▸ Source material

● ● ● ● ● ● ●

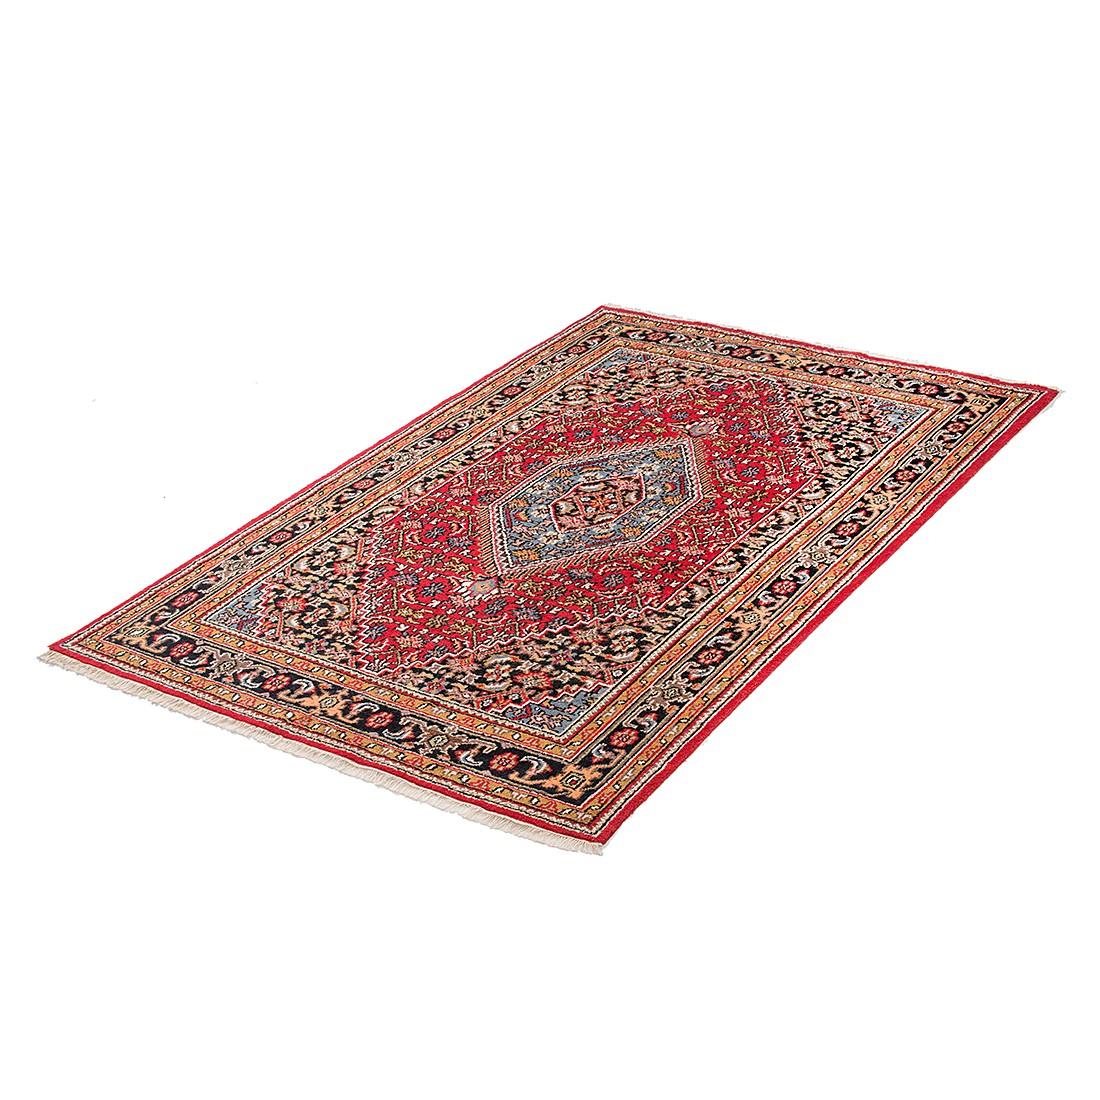 Tapijt Indo Hyderabad - rood - wol - 70x140cm, Parwis
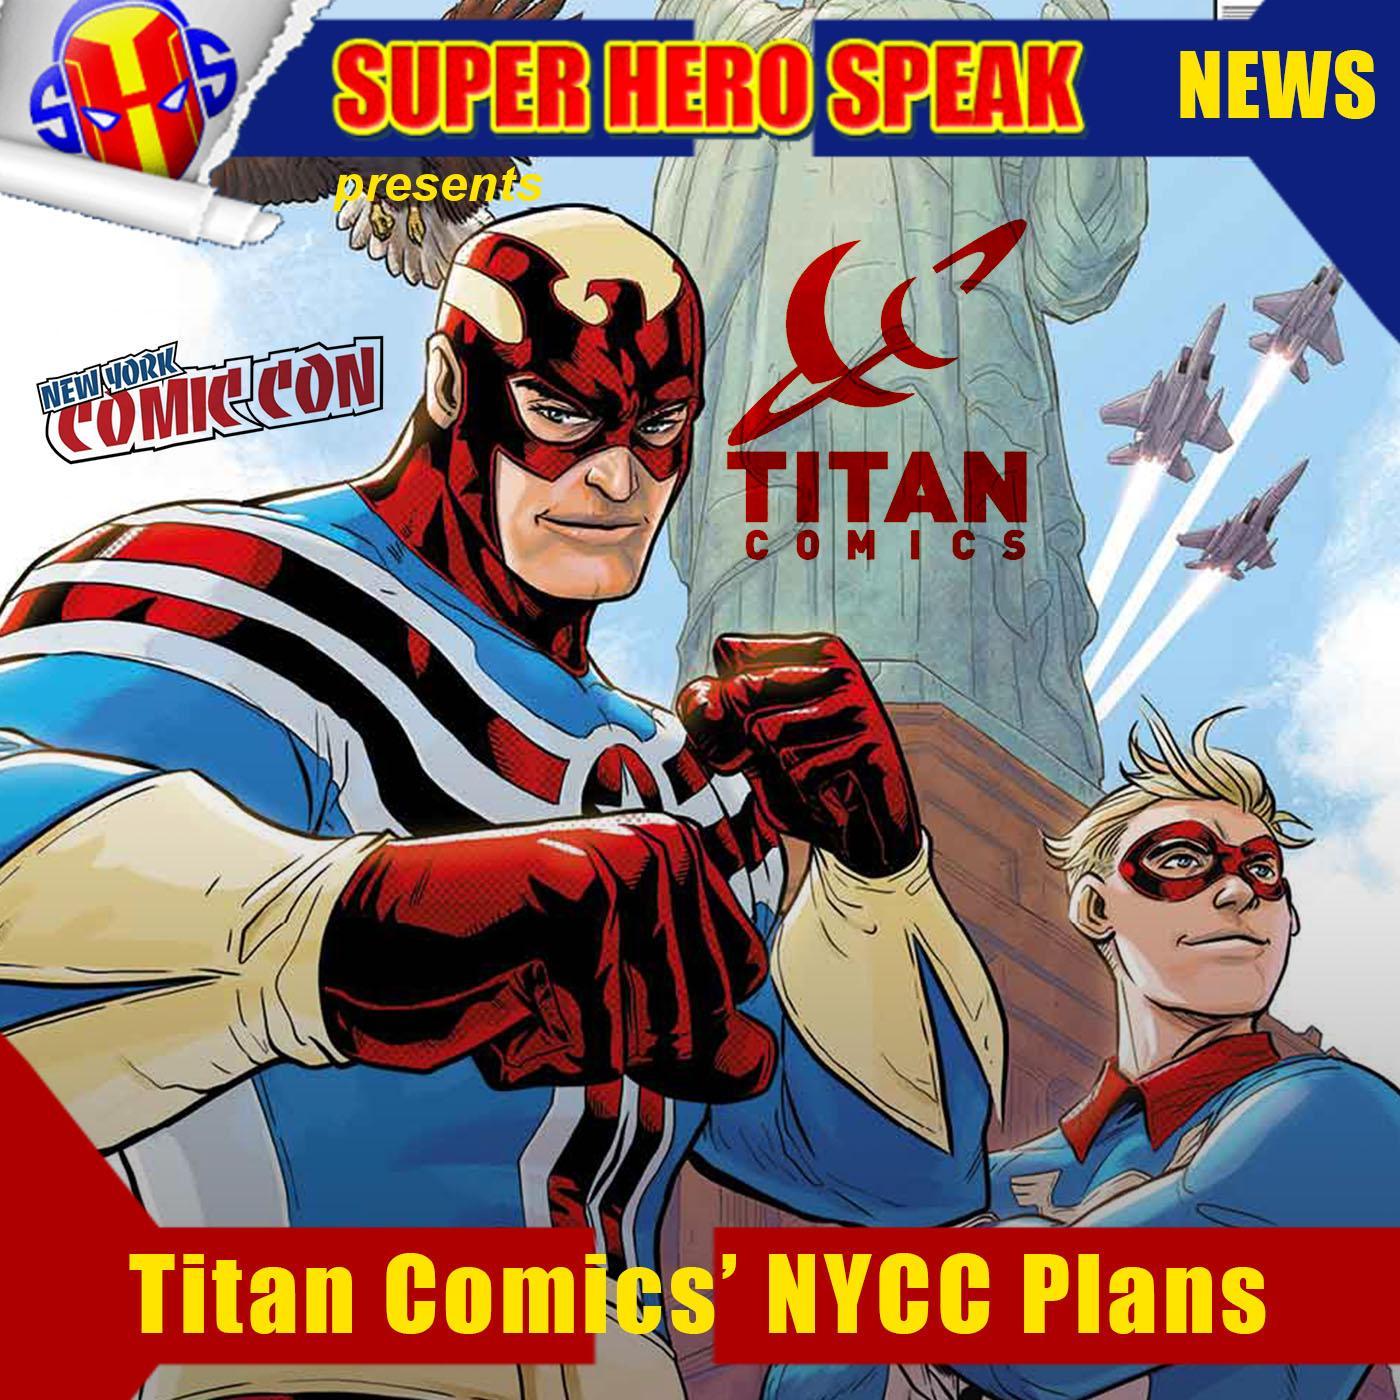 FULL PLANS REVEALED: TITAN COMICS AT NEW YORK COMIC CON 2017
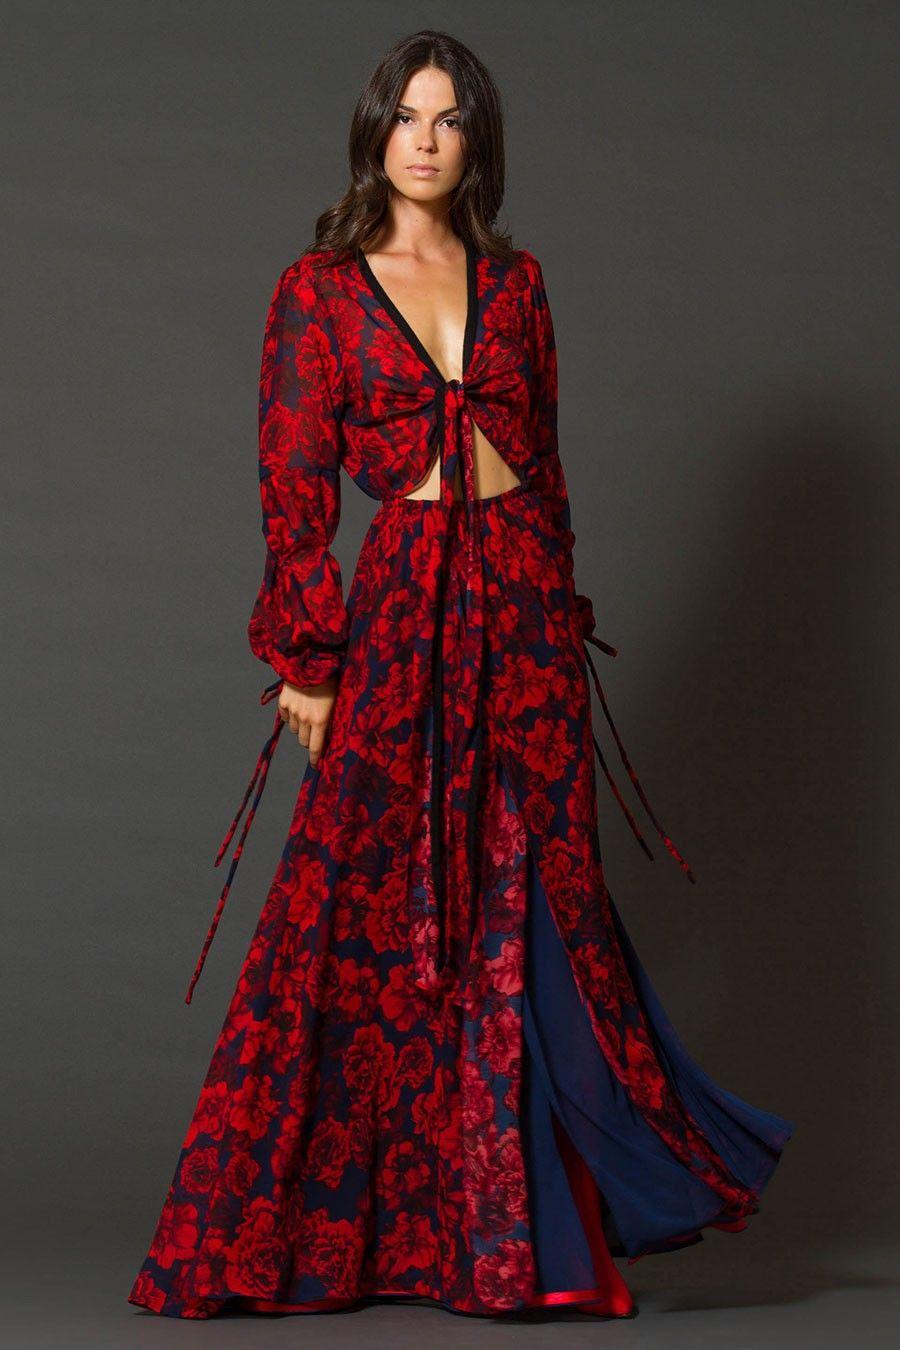 ad54198582f6 Εμπριμέ Φόρεμα Κρουαζέ Σιφόν όλο διπλό. Κοκτέιλ Φόρεμα για κάθε περίσταση.  Κρουαζέ στο στήθος
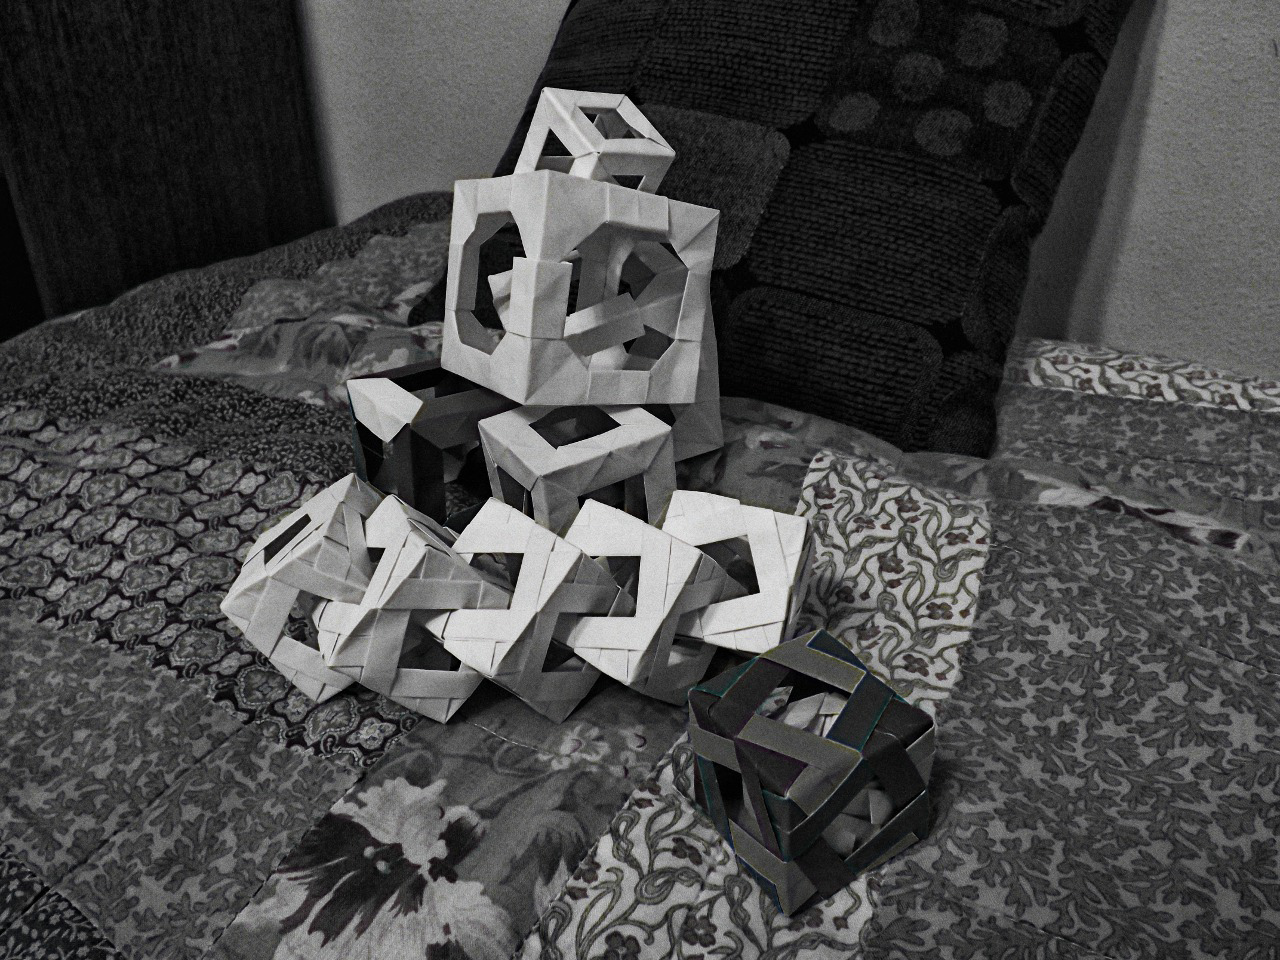 201/365 Georges Braque: Balalajka

● ● ● ● ● ● ●

▸ What to do
Both the line containing "FULL PLANS REVEALED: TITAN" and the last line of the listing above belong in the copy, along with every line between them; retype them exactly and omit the pictures.

▸ Task result
 FULL PLANS REVEALED: TITAN COMICS AT NEW YORK COMIC CON 2017
 ad54198582f6 Εμπριμέ Φόρεμα Κρουαζέ Σιφόν όλο διπλό. Κοκτέιλ Φόρεμα για κάθε περίσταση.  Κρουαζέ στο στήθος
 201/365 Georges Braque: Balalajka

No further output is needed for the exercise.